People quieted when Uixtr began to address the room from a central point. “I will speak first of what we are doing to the humans present. What is a Sea Voice? We have known of them for a very long time, yet their true essence is enigmatic. They contact us, and we contact them in return. Only at such times, one will communicate with us at length. This is in a medium we cannot entirely understand, both like words and like music, dissimilar from our own and still never quite translated… in a manner of perspective.
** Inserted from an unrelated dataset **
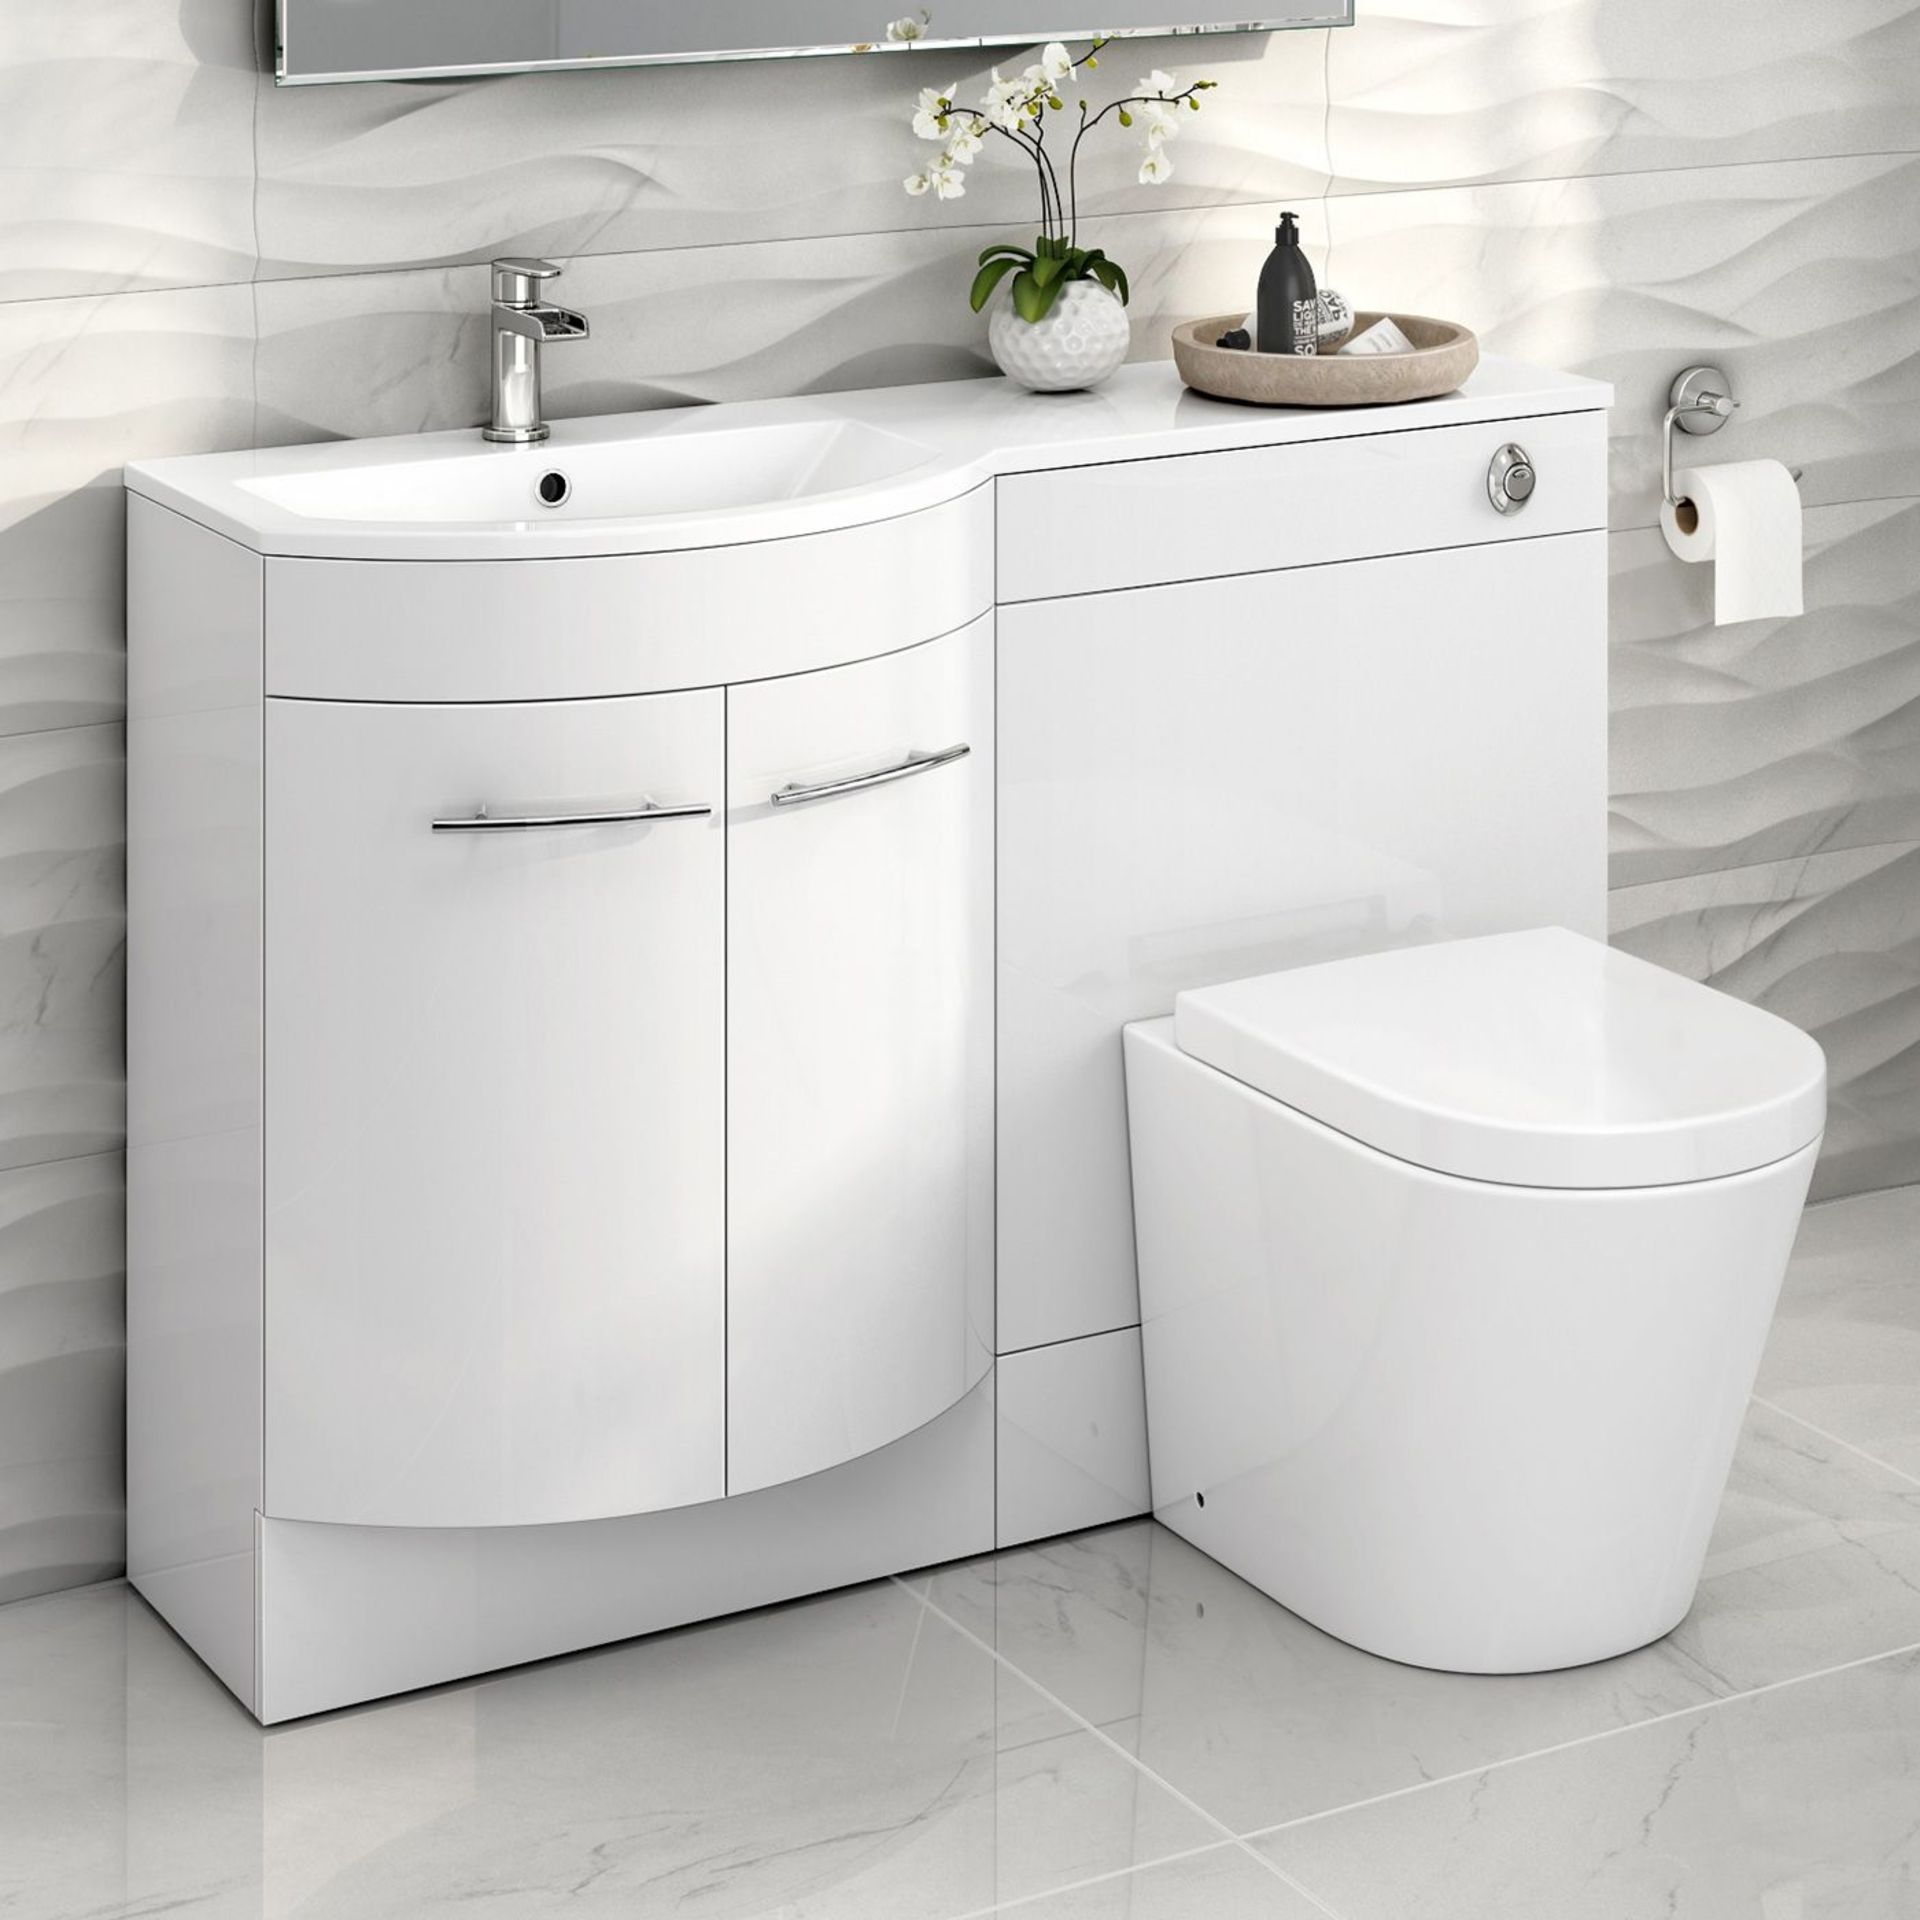 New Boxed 1200mm Alexis White Gloss Left Hand Vanity Unit Florence Pan. RRP £999.99.Contempora...

“What we have learned through this occasional relationship is that after we have listened to a Sea Voice, which occurs only fleetingly, we achieve advances, innovation, and excellence that we had not before. We also, quite simply, find the sound of the Sea Voice to be very beautiful, though it is not hard to appreciate something so beneficial.

“There will also be a light show, by us. The Sea Voice often responds to this, and we believe it is somehow also transmitted via the open channel we create together. We call it a Sea Voice because our research tells us the audial waveform carries disturbances typical of transmission through large amounts of water. Theoretical testing continues to confirm this supposition. Please tell us what you thought of the transmission during the discussion to follow.”

The host of the space, Oibhn (‘oven’?) then gave a Vedani speech that sounded more like formal ritual. Some of them raised their bowls at one point, and the lights dimmed to near-darkness.